• [AIM OF THE EXERCISE] Using the data beneath this instruction, retype only the lines from the one that contains "Port-7541.JPGWhite Barn in" down to the one that contains "Exceptional Gbilija Shield", both included, exactly as they appear.

■ ■ ■

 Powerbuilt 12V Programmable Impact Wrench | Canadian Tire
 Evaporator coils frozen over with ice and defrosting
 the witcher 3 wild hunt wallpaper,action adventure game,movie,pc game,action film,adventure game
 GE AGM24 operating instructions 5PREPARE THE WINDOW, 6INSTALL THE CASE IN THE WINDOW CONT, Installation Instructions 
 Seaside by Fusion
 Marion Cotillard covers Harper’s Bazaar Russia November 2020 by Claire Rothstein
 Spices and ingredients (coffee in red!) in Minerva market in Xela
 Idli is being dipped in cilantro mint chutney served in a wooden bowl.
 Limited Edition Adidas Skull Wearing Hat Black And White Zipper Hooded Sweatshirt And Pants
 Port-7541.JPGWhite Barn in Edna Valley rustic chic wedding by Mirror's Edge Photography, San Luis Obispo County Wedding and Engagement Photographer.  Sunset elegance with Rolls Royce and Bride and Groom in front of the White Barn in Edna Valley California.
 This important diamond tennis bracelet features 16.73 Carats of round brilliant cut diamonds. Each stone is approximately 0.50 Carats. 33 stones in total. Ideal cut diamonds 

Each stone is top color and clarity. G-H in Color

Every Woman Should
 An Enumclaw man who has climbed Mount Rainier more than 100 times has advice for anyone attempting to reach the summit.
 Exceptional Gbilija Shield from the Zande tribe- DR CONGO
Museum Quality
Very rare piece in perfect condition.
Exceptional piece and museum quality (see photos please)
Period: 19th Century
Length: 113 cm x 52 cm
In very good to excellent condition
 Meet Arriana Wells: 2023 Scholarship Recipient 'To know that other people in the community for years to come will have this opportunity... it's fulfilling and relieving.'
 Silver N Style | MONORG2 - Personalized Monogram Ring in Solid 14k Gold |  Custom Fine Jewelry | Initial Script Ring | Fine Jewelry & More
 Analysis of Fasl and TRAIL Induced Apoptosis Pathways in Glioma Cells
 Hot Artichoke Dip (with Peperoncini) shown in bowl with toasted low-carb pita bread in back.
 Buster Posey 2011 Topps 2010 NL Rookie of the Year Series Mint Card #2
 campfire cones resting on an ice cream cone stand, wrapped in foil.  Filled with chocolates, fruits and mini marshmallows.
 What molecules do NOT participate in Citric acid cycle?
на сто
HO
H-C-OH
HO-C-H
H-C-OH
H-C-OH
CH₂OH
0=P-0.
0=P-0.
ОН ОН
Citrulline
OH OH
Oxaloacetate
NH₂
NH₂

■ ■ ■

• [WRITTEN SOLUTION]
 Port-7541.JPGWhite Barn in Edna Valley rustic chic wedding by Mirror's Edge Photography, San Luis Obispo County Wedding and Engagement Photographer.  Sunset elegance with Rolls Royce and Bride and Groom in front of the White Barn in Edna Valley California.
 This important diamond tennis bracelet features 16.73 Carats of round brilliant cut diamonds. Each stone is approximately 0.50 Carats. 33 stones in total. Ideal cut diamonds 

Each stone is top color and clarity. G-H in Color

Every Woman Should
 An Enumclaw man who has climbed Mount Rainier more than 100 times has advice for anyone attempting to reach the summit.
 Exceptional Gbilija Shield from the Zande tribe- DR CONGO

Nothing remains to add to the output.